We found that nearly half of our patients with virological failure had resistance to both NRTIs and NNRTIs, about a fifth had resistance to the three classes of ARVs commonly used in Uganda while a small proportion had no Drug Resistance Mutations (DRMs). NRTIs have fewer side effects and toxicity than NNRTIs, but drug resistance could diminish their efficacy. As expected in Africa, the predominant NRTI mutation observed was M184V [13]. Type 1 TAM M41L causes higher levels of phenotypic and clinical resistance to thymidine analogues and cross resistance to Abacavir, Tenofovir and Didanosine than Type 11 K70R. The M184V and K65R DRMs might be due to the Tenofovir and Lamivudine ART backbone and the triple nucleoside regimen of Abacavir-Zidovudine-Lamivudine that most of our patients were initiated on. Triple nucleoside first-line ART regimens have since been discontinued as they are virologically inferior to a regimen containing Efavirenz (NNRTI) plus two or three NRTIs [14]. The NNRTI mutations observed included K103N, G190A and Y181C which cause high level resistance to Nevirapine and variable resistance to Efavirenz [15].

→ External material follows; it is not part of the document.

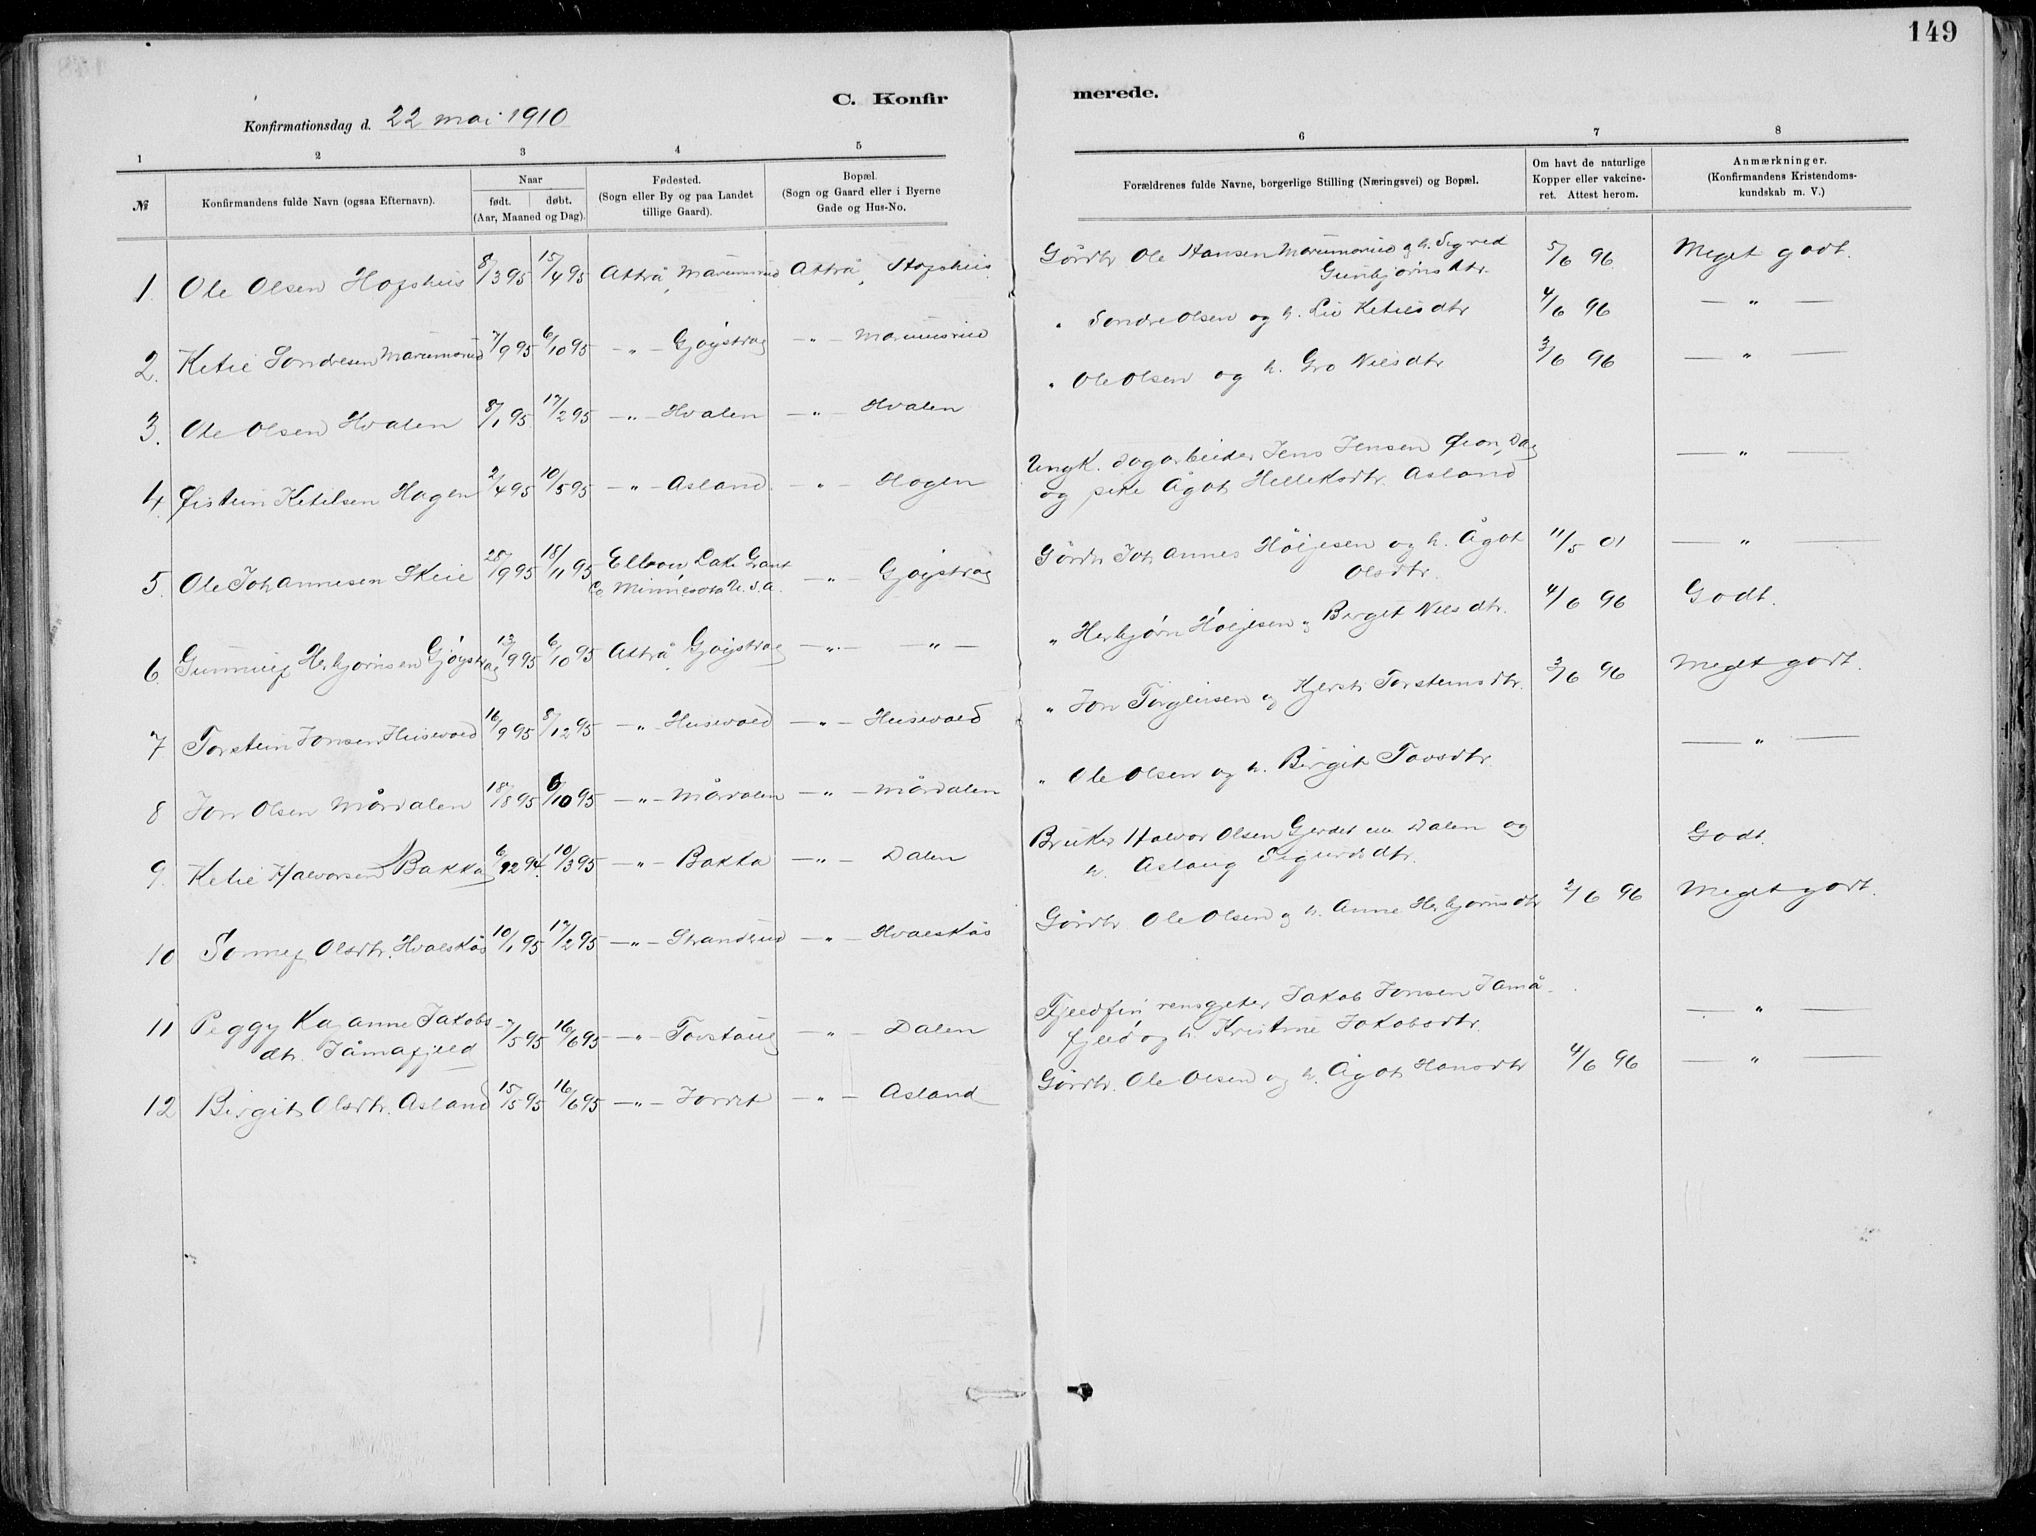 SAKO, Tinn kirkebøker, F/Fa/L0007: Ministerialbok nr. I 7, 1878-1922, s. 149

The observed PI resistance mutations (V82A, V82F, V82S, M46I, M46L and I54V) are clinically significant because they are associated with highest levels of phenotypic resistance and/or strongest evidence for interfering with successful PI therapy. Among the seven patients, these mutations conferred high level resistance to ritonavir boosted Lopinavir and Atazanavir, which are the readily available PIs for second-line ART regimens in our setting. Darunavir, the only susceptible PI tested is still expensive and unavailable in public ART centers in Uganda where PIs are reserved for second-line ART regimens. The emergence of HIV drug resistance is inevitable, owing to the high replication and mutation rates of HIV and ART being a life-long treatment. Therefore, as more people are switched to second-line ART, cases of second-line drug failure will increase and necessitate access to third-line or salvage regimens. In Uganda, routine viral load monitoring is not yet standard care, making early identification of treatment failures to prevent transmission of DRMs impossible. Uganda is yet to recommend HIV genotyping prior to ART initiation, therefore diagnosing transmitted HIV drug resistance is impossible. The strength of our study is the long duration on ART among our participants. A source of selection bias might be that some patients with virological failure might have died before enrolment. We also had limited information on confounders like adherence so our findings may not be generalizable. In conclusion, HIV drug resistance is a major challenge for HIV care programs in resource limited settings that have hitherto concentrated on increasing ART access. Therefore, ART programs in these settings should avail routine HIV viral load monitoring for prompt detection of virological failures, targeted HIV drug resistance testing to detect HIV drug resistance among ART failure as well as access to third-line ARV drugs like Darunavir.